Software tools specifically designed for high-content image analysis, such as Developer Toolbox, provide a selection of segmentation, preprocessing, and postprocessing tools. They give the user the flexibility to define the parameters, calculations, and output formats desired, to control the sequence of steps in an analytical routine, and to incorporate user-defined macros as needed to customize an analysis protocol.
Biologists can exploit the flexibility of the data analysis software to design their own algorithms from the building blocks provided, customizing the data-mining tools to optimize data output. For example, one researcher may want to visualize the cell nucleus and observe microtubule formation and mitotic events, while another might seek discrimination of the outer cell membrane or want to compare fluorescent emissions at different wavelengths to distinguish between signals generated simultaneously in a multiplexed assay.
The potential applications of HCS are virtually limitless. When run at high throughput, a cellular imaging system is ideal for use with neurite growth assays, for example. In these experiments, neurons are grown in culture in microplates and are exposed to a differentiation factor. By evaluating images from multiple sectors of each well, one can determine how many cells of a given cell type respond to the differentiation factor by sending out neurites, and one can quantify and compare the length of these axonal extensions.

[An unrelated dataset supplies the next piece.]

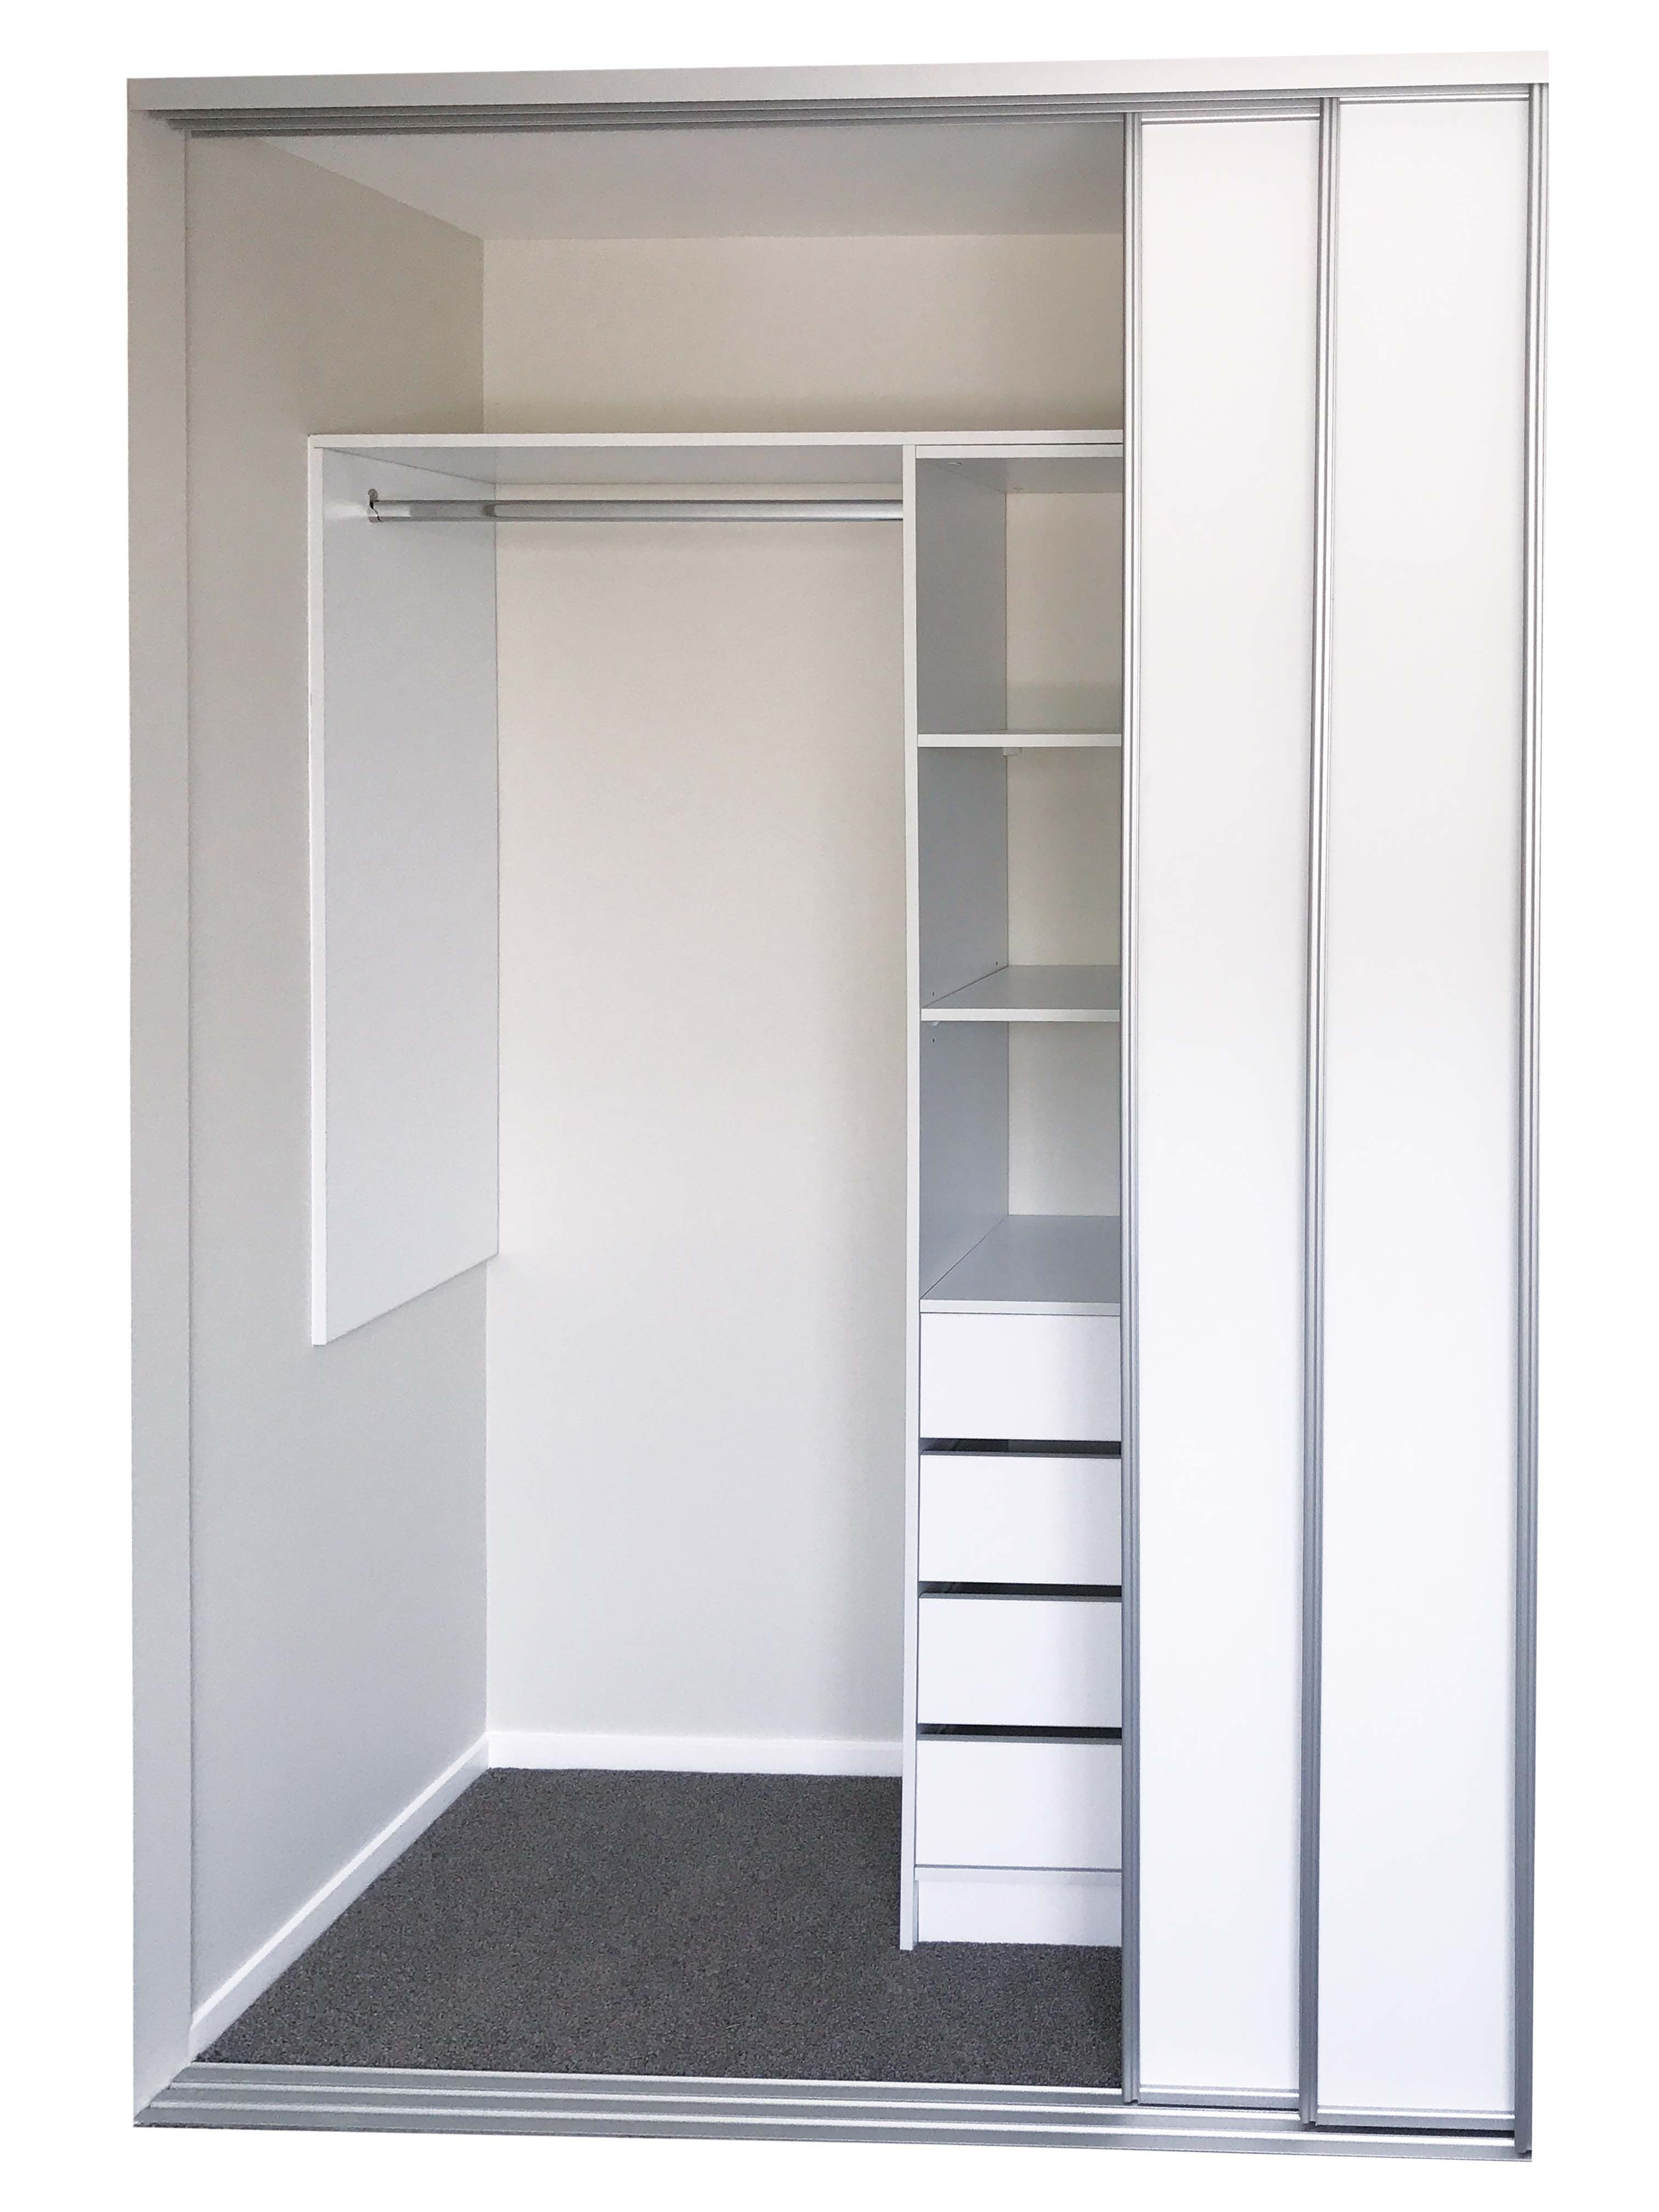 Genesis Modular Floor Standing Wardrobe Shelving | Showerwell Home Products Intended For 3 Shelving Towers Wardrobes (Gallery 4 of 20)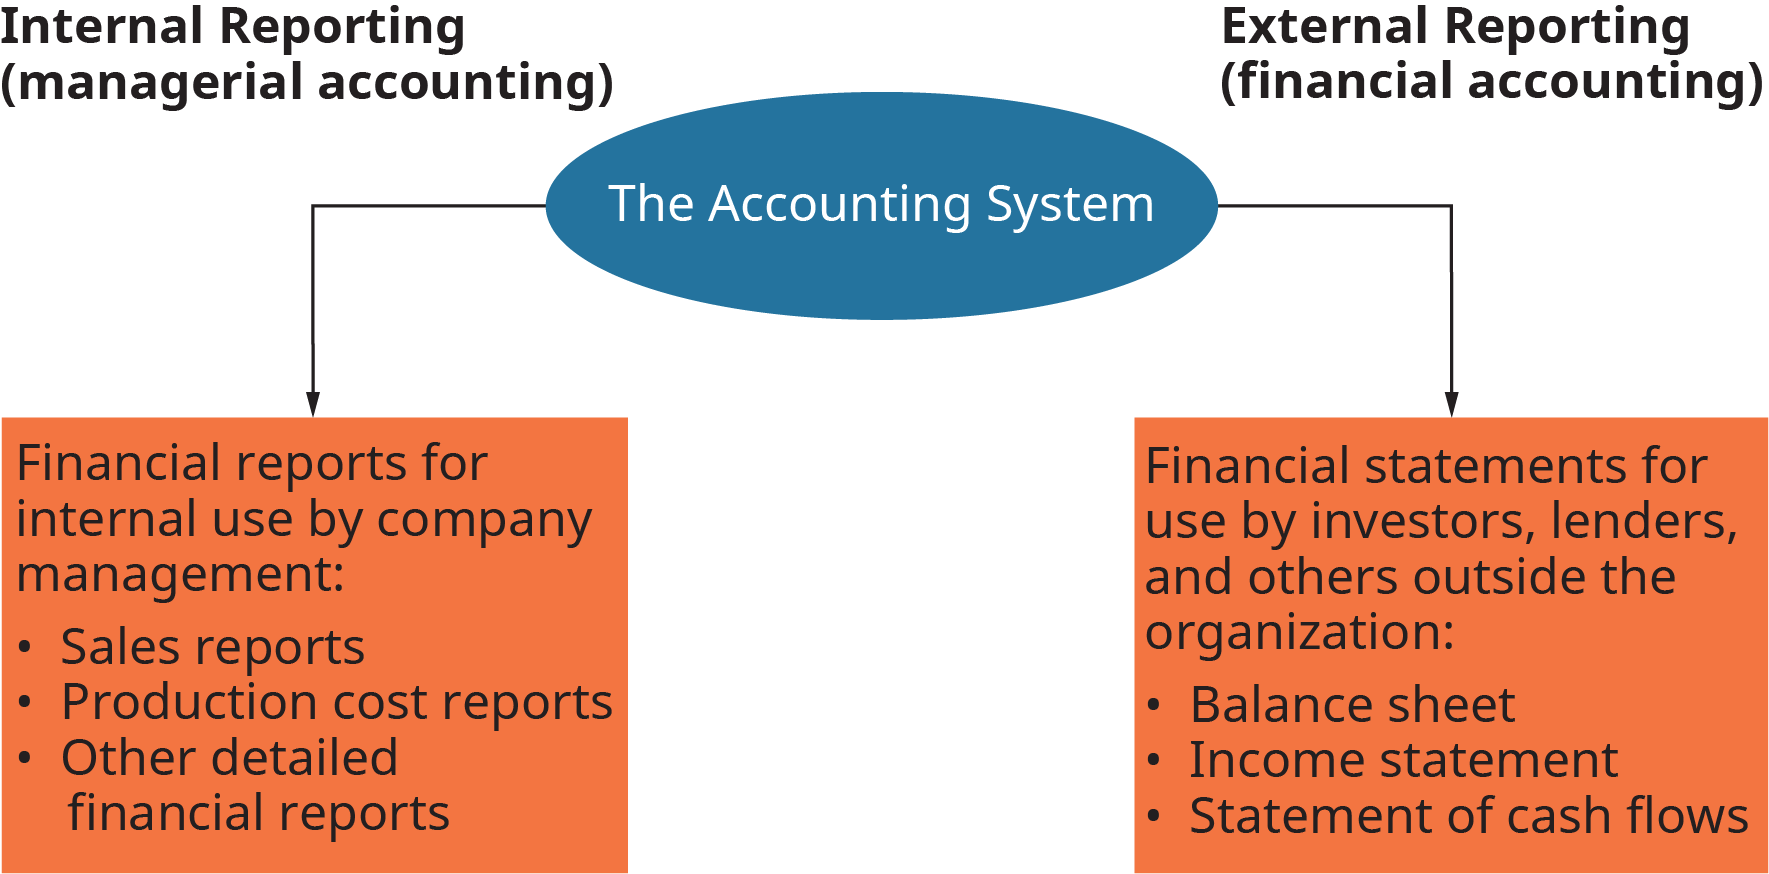 The diagram shows the accounting system at the center, and branching to the left and right. To the left is internal reporting, managerial accounting. To the right is external reporting, financial accounting. On the internal side, the diagram reads as follows. Financial reports for internal use by company management; sales reports, production cost reports, and other detailed financial reports. On the external reporting side, the diagram reads as follows. Financial statements for use by investors, lenders, and others outside the organization; balance sheet, income statement, and statement of cash flows.

Performing RNAi assays in cancer cells is another good example of the value of high-throughput HCS. By co-culturing two different cell types — a cancer cell and a normal cell — and knocking down the expression of a single gene in each well, the assay can reveal which loss of gene activity kills the cancer cell while leaving the normal cell unaffected, thereby identifying a potential target for drug discovery.
Lower-throughput HCS enables higher-resolution image acquisition and allows for visualization of subcellular events such as chromatin condensation, organelle redistribution, and mitochondrial activity.
The potential applications and ultimate value of HCS and cellular image analysis are limited only by the imagination and expertise of the drug discovery groups using them to probe gene function and cell behavior.
David M. Evans, Ph.D., is head of drug discovery at the Cancer Drug Development Lab, Translational Genomics Research Institute, Gaithersburg, Md.